Apple, Google и Paypal. Кого заманивают в Украину
— Вы близки к IT-бизнесу. Приход Apple в Украину. Ведет ли кто-то переговоры? Какие могут быть варианты? RnD, представительство или ничего?
— Я про Apple ничего не слышал. Мы договорились с Rakuten, хозяевами Viber. Мы сейчас разговаривали с Binance, крупнейшей криптобиржей. Разговариваем сейчас с Amazon о приходе в Украину. Речь о дата-центре. Мы разговариваем с Google о переносе штаб-квартиры из Европы сюда.
— Facebook?
— Facebook нет. У них позиция, что RnD им не нужен, он у них там весь сконцентрирован. А sales office у них в России. Мы разговариваем активно с PayPal и пытаемся их затянуть, хотя это задача из неподъемных, потому что они не видят в нас рынка. Мы сейчас придумали новую стратегию переговоров с ними. Я надеюсь, она сработает. Не хочу спойлерить. У них же есть представительство в России и они все время пытаются задавить появление PayPal в Украине.
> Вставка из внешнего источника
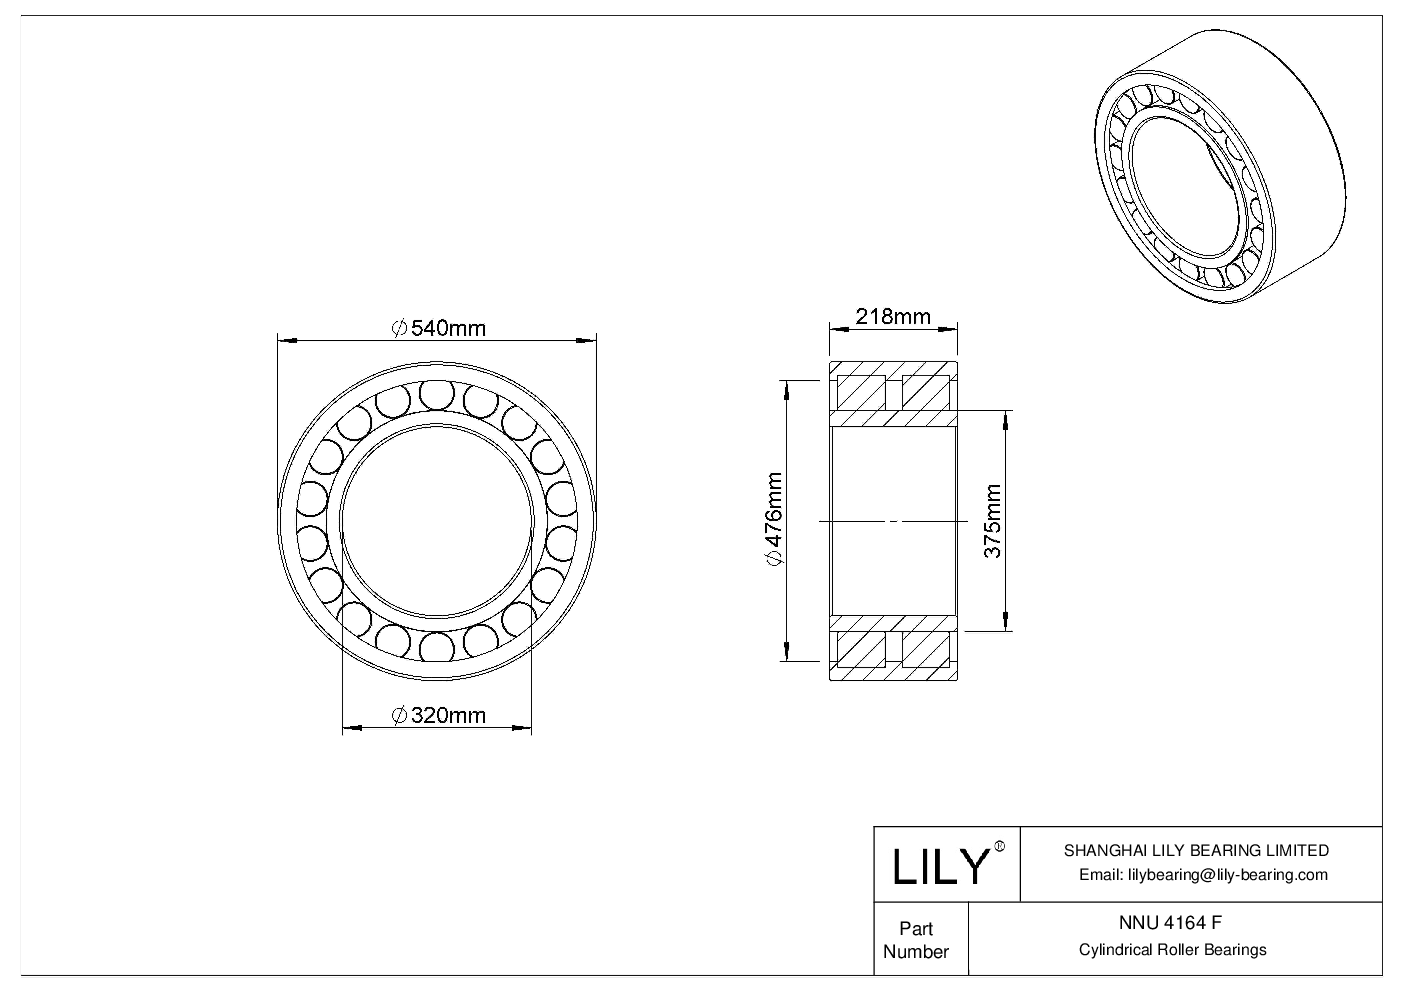 NNU 4164 F Double Row Cylindrical Roller Bearings cad drawing

— Из тех, кого Вы назвали, кто самый реальный?
— Все реальные. Везде активная фаза переговоров.
— Заход кого-то из них — вопрос двух месяцев, полугода, года?
— У них большая бюрократия. К сожалению, такие инвесторы ориентируются на кредитные рейтинги и комплаенс. Гораздо быстрее сделки происходят с богатыми людьми из стран с авторитарными режимами. Поэтому с точки зрения инвестиций в первые два года это будут арабские страны, Азербайджан, Беларусь.
— Какие у Вас у самого остались бизнесы?
— У меня не осталось никакого бизнеса. Есть венчурный фонд. После продажи бизнеса я все средства реинвестировал в разного рода компании, поэтому в декларации у меня будут деньги, немало биткоинов и венчурный фонд. Активного бизнеса у меня сейчас нет.
— Во сколько Вы бы оценили свое состоянию на данный момент?
— Все вместе, наверное, $20-25 миллионов, если бы мне нужно было все продавать и везде выходить.
— То есть сейчас Вы живете на депутатскую зарплату?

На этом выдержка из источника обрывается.